___ DATASET SECTION
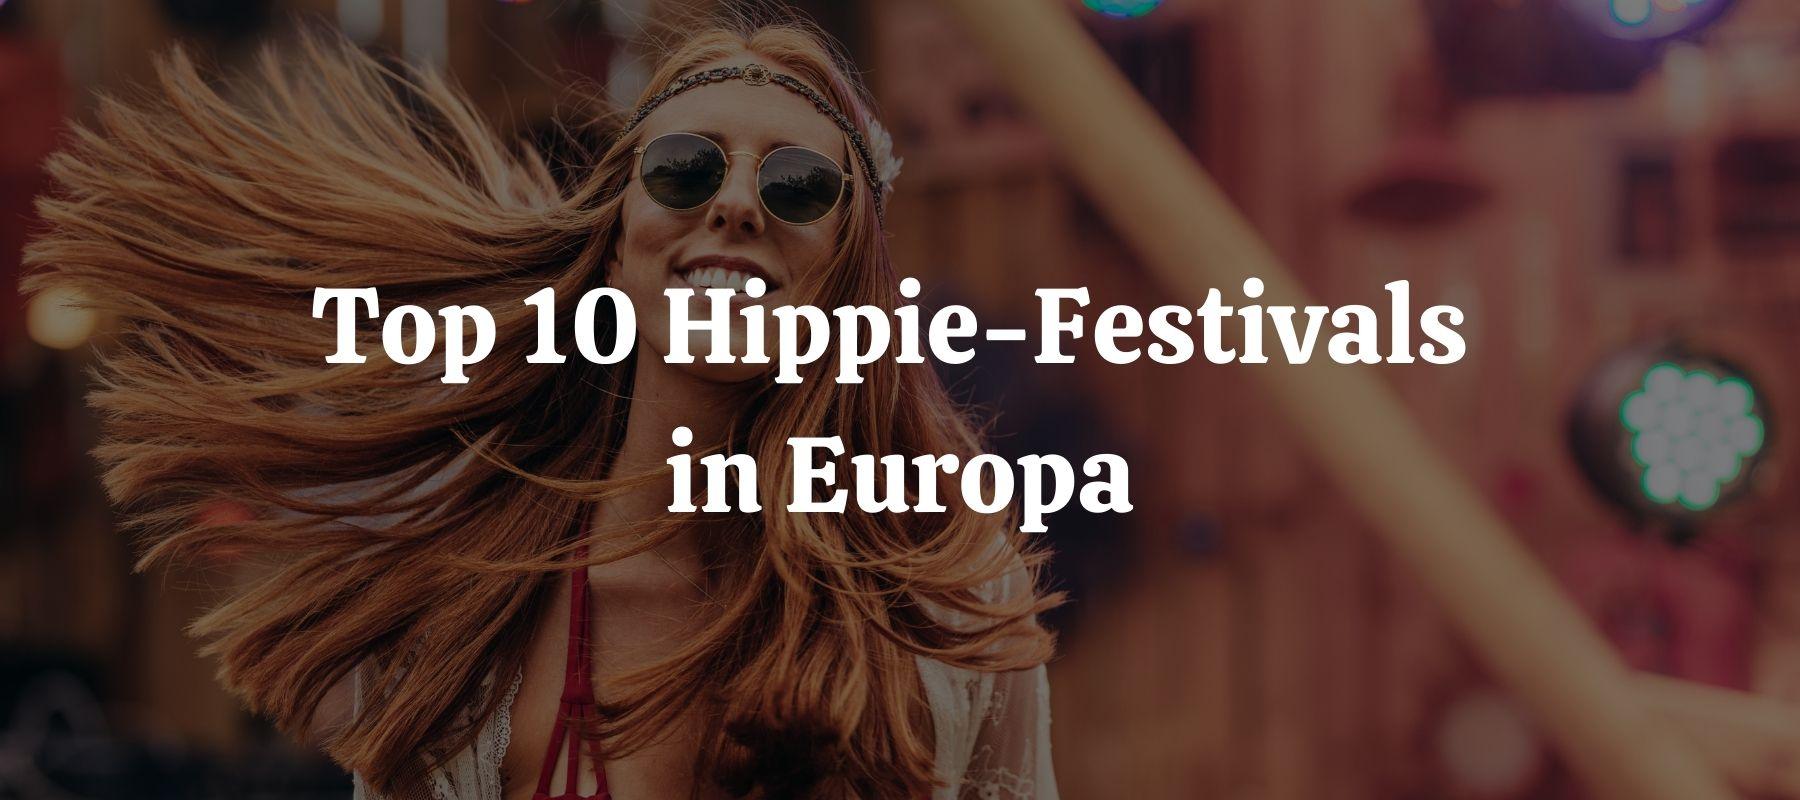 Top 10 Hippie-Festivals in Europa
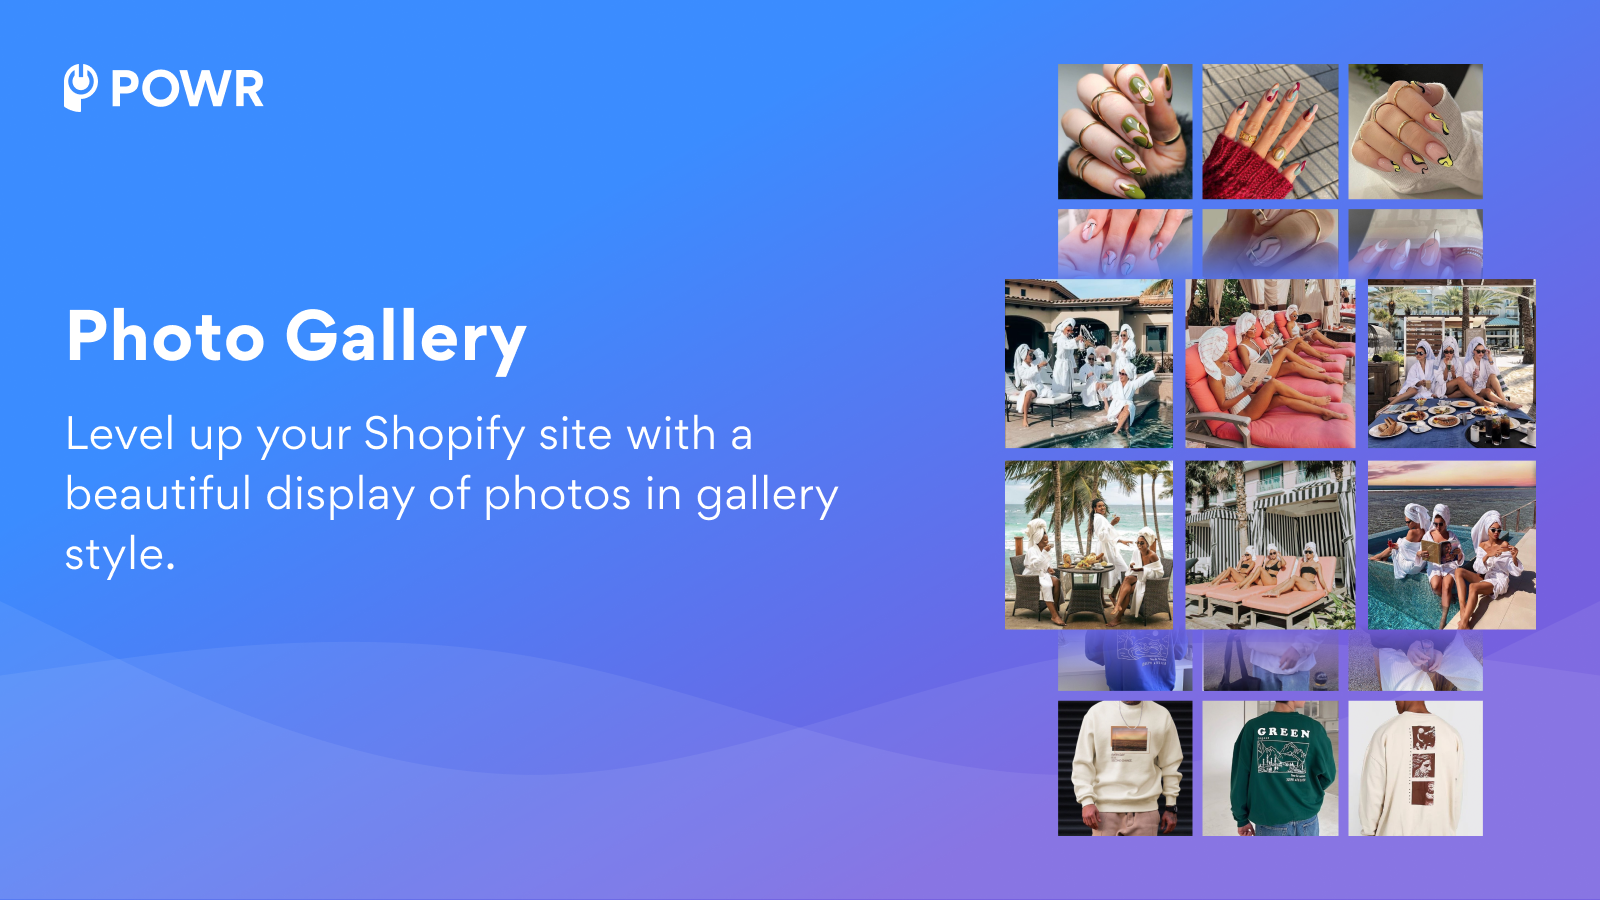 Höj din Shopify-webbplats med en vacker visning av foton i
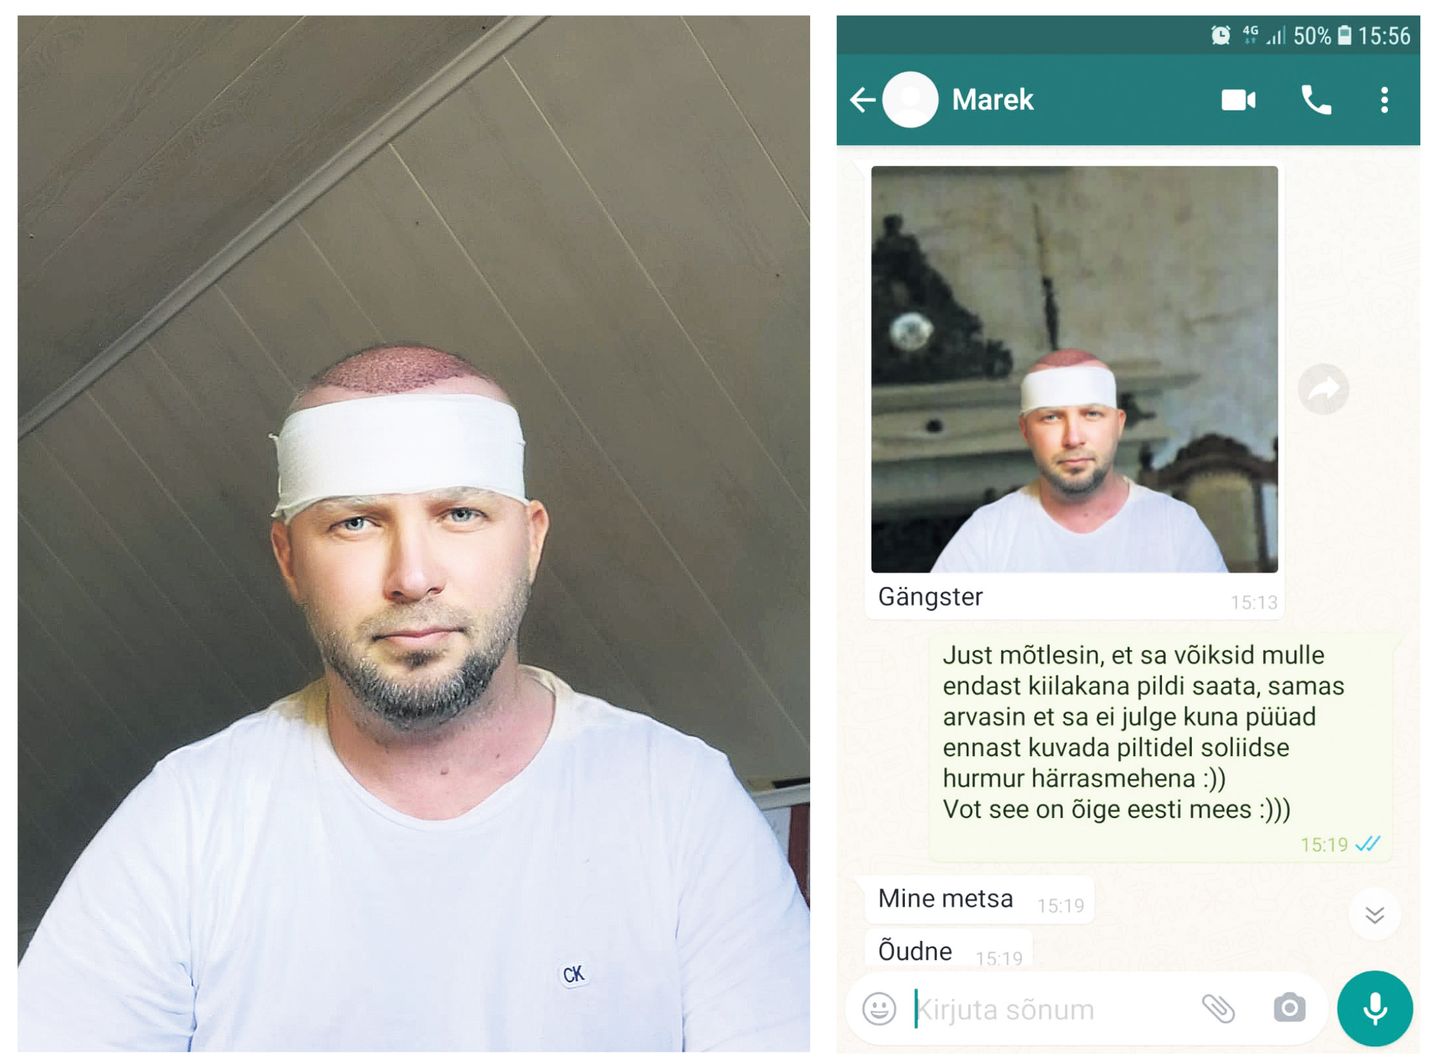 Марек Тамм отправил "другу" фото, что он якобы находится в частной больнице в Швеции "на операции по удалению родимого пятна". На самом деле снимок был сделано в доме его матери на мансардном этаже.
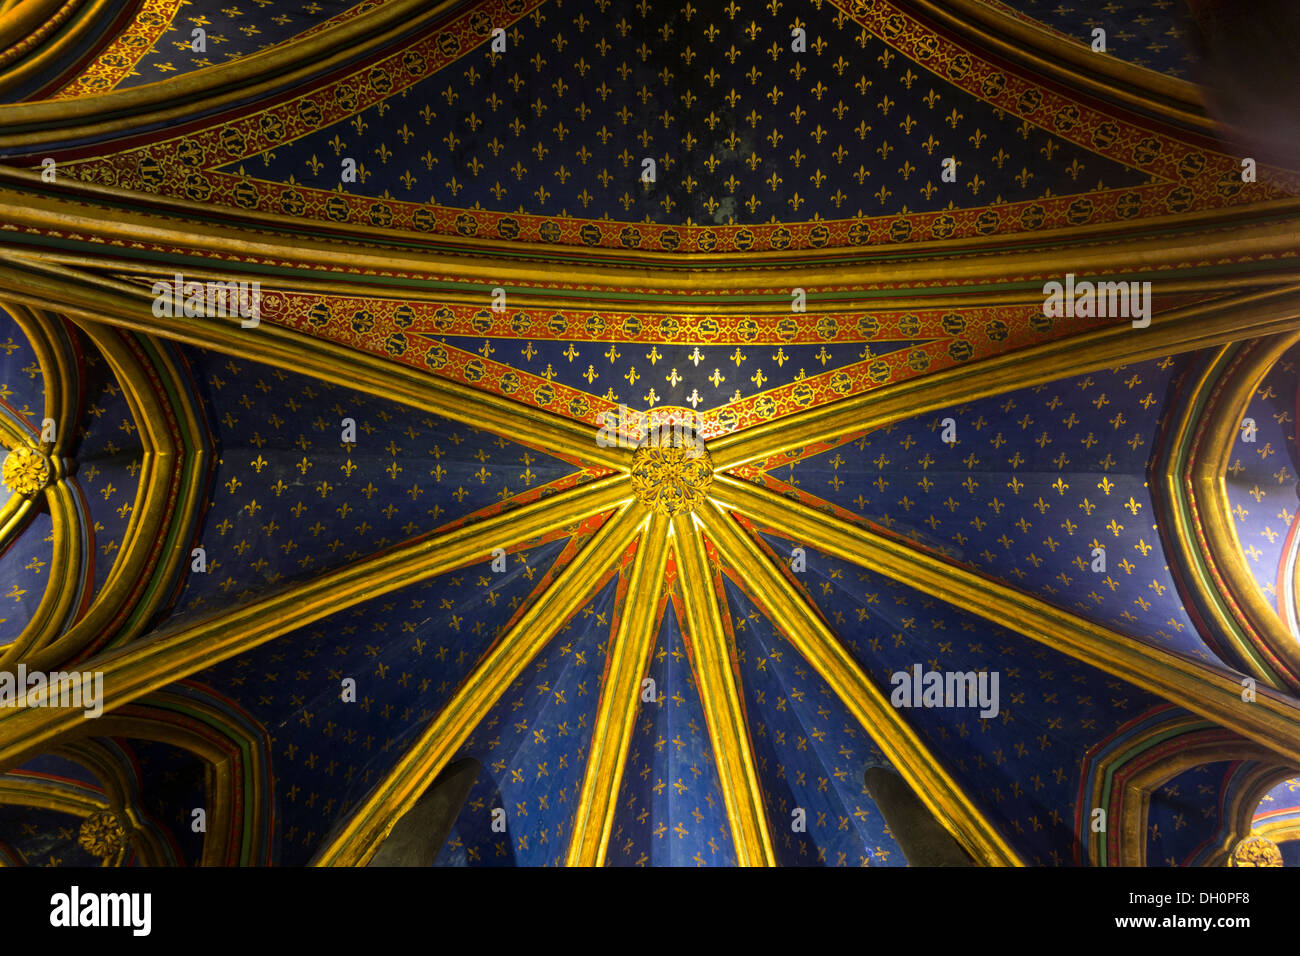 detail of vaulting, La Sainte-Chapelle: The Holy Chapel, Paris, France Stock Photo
______
INSTRUCTIONS TO FOLLOW:
Where the data contains images, drop them and print the rest exactly.

WRITTEN RESPONSE:
 Top 10 Hippie-Festivals in Europa
 Höj din Shopify-webbplats med en vacker visning av foton i
 Марек Тамм отправил "другу" фото, что он якобы находится в частной больнице в Швеции "на операции по удалению родимого пятна". На самом деле снимок был сделано в доме его матери на мансардном этаже.
 detail of vaulting, La Sainte-Chapelle: The Holy Chapel, Paris, France Stock Photo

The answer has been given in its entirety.